Per The Daily Beast, Federal Election Commission files showed that the Texas GOP Louie Gohmert donated $5,500 to the anti-LGBTQ+ and antisemitic Pastor Steve Anderson last December.
However, Gohmert's Chief of Staff Connie Hair told the above publication that the donation was an accident.

Hair stated that the politician's 'donation' was the result of a botched internet search for an address by the congressman's treasurer, William Long.
Long had intended on hiring a Christian singer named Steve Amerson to play at an event.
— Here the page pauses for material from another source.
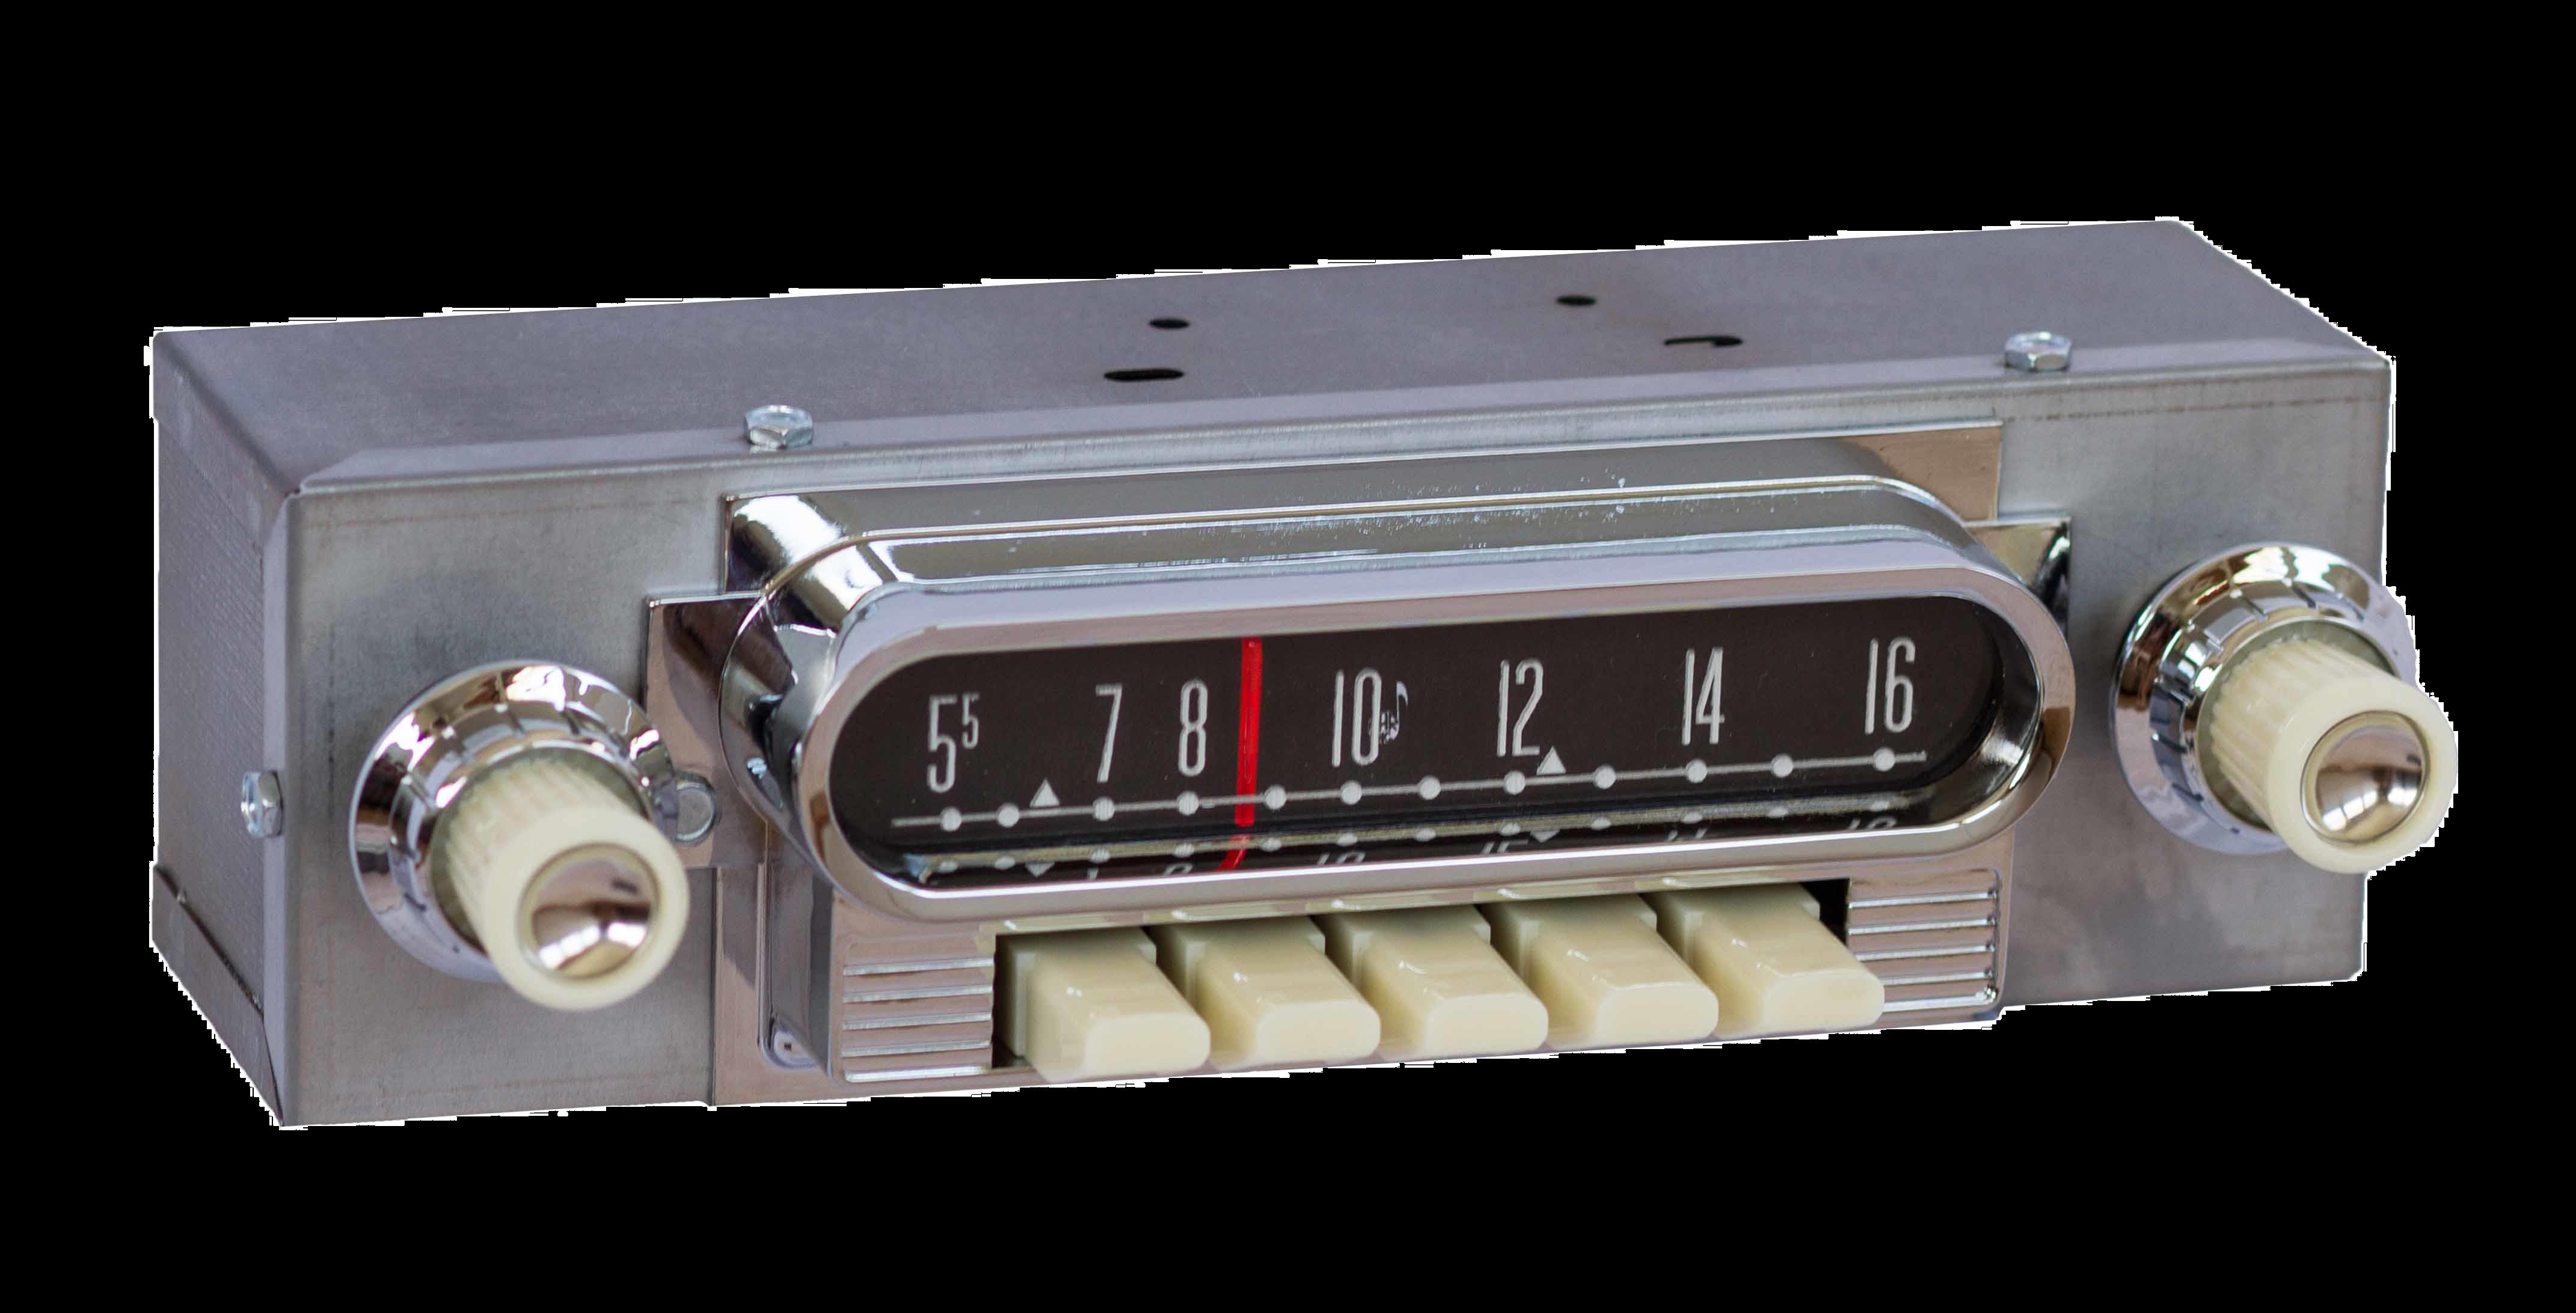 1962-63 Ford Falcon & Ranchero AM/FM/Stereo Radio
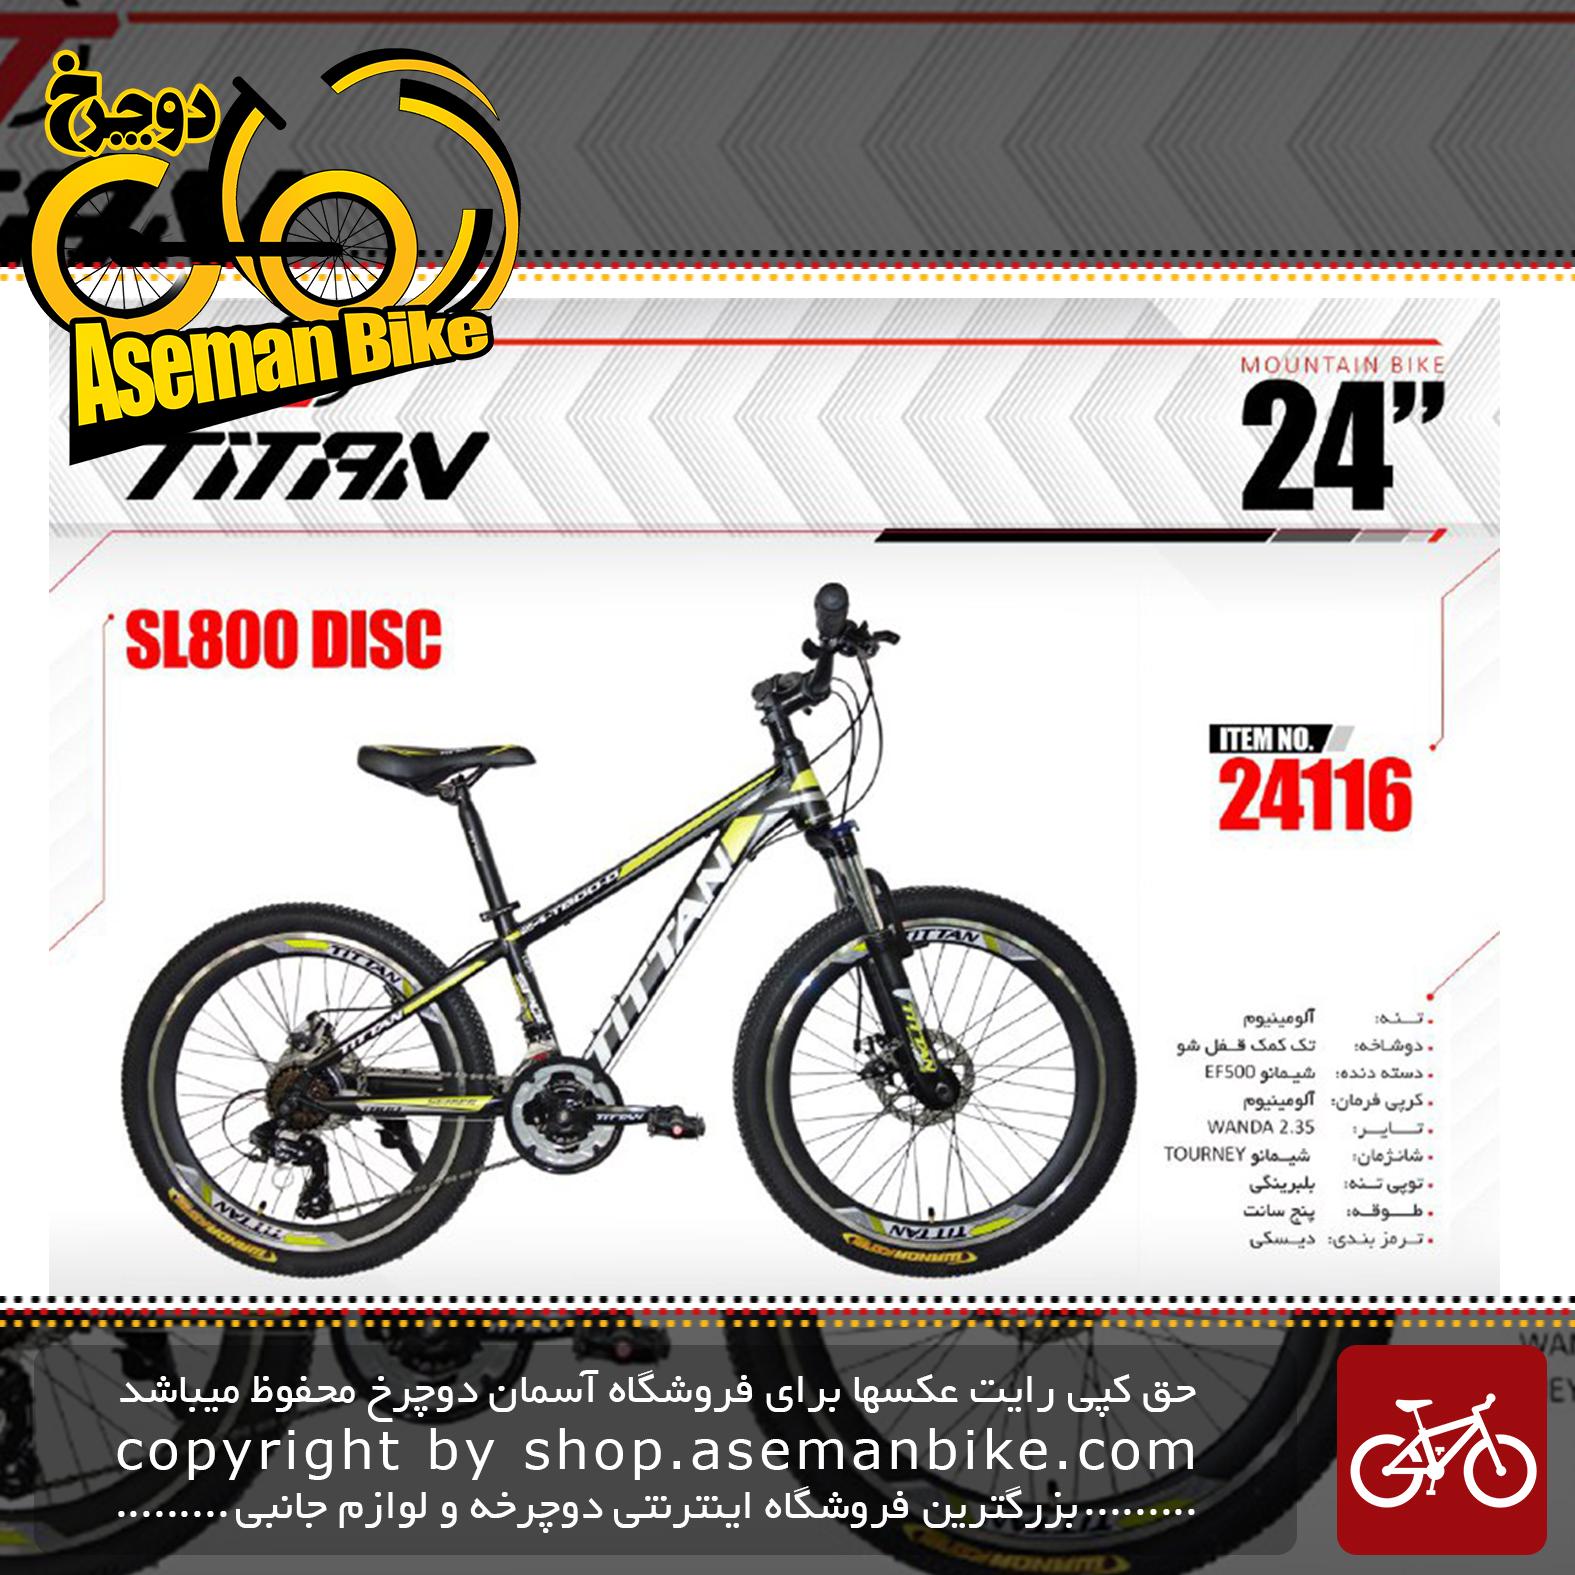 دوچرخه کوهستان تایتان سایز 24دیسک مدل اس ال 800 TITAN SIZE 20 SL 800 DISC

However, he mistakenly filed with the FEC that the money was given to Steve Anderson instead.
He added: "That's who it was written to, and Louie gave it to him, and when Bill Long got the check and the charge, he searched 'Anderson Ministries' instead of 'Amerson.' Bill Long is amending our filing."
Anderson is a pastor at the Faithful Word Baptist Church in Tempe, Arizona. The fundamentalist church's doctrinal statement states that "homosexuality is a sin and an abomination which God punishes with the death penalty."
Meanwhile, a 2015 report from the Jewish Anti-Defamation League found that noted Anderson previously spread erroneous claims that millions of Jews had not been gassed and cremated in Nazi Germany during World War II.
Gohmert infamously drew widespread mockery after suggested changing the moon's orbit around the Earth, or the Earth's orbit around the sun, in a bid to halt climate change, during a hearing with the House Natural Resources Committee.
Speaking with senior Forest Service official Jennifer Eberlein, Gohmert stated:
"I was informed by the immediate past director of NASA that they've found that the moon's orbit is changing slightly and so is the Earth's orbit around the sun. We know there's been significant solar flare activity.
"So is there anything that the National Forest Service or BLM can do to change the course of the moon's orbit, or the Earth's orbit around the sun? Obviously, that would have profound effects on our climate."
NASA has previously debunked the idea that the Earth's orbit is responsible for climate change, with a spokesperson writing in a blog post:
"The small changes set in motion by Milankovitch cycles operate separately and together to influence Earth’s climate over very long timespans, leading to larger changes in our climate over tens of thousands to hundreds of thousands of years."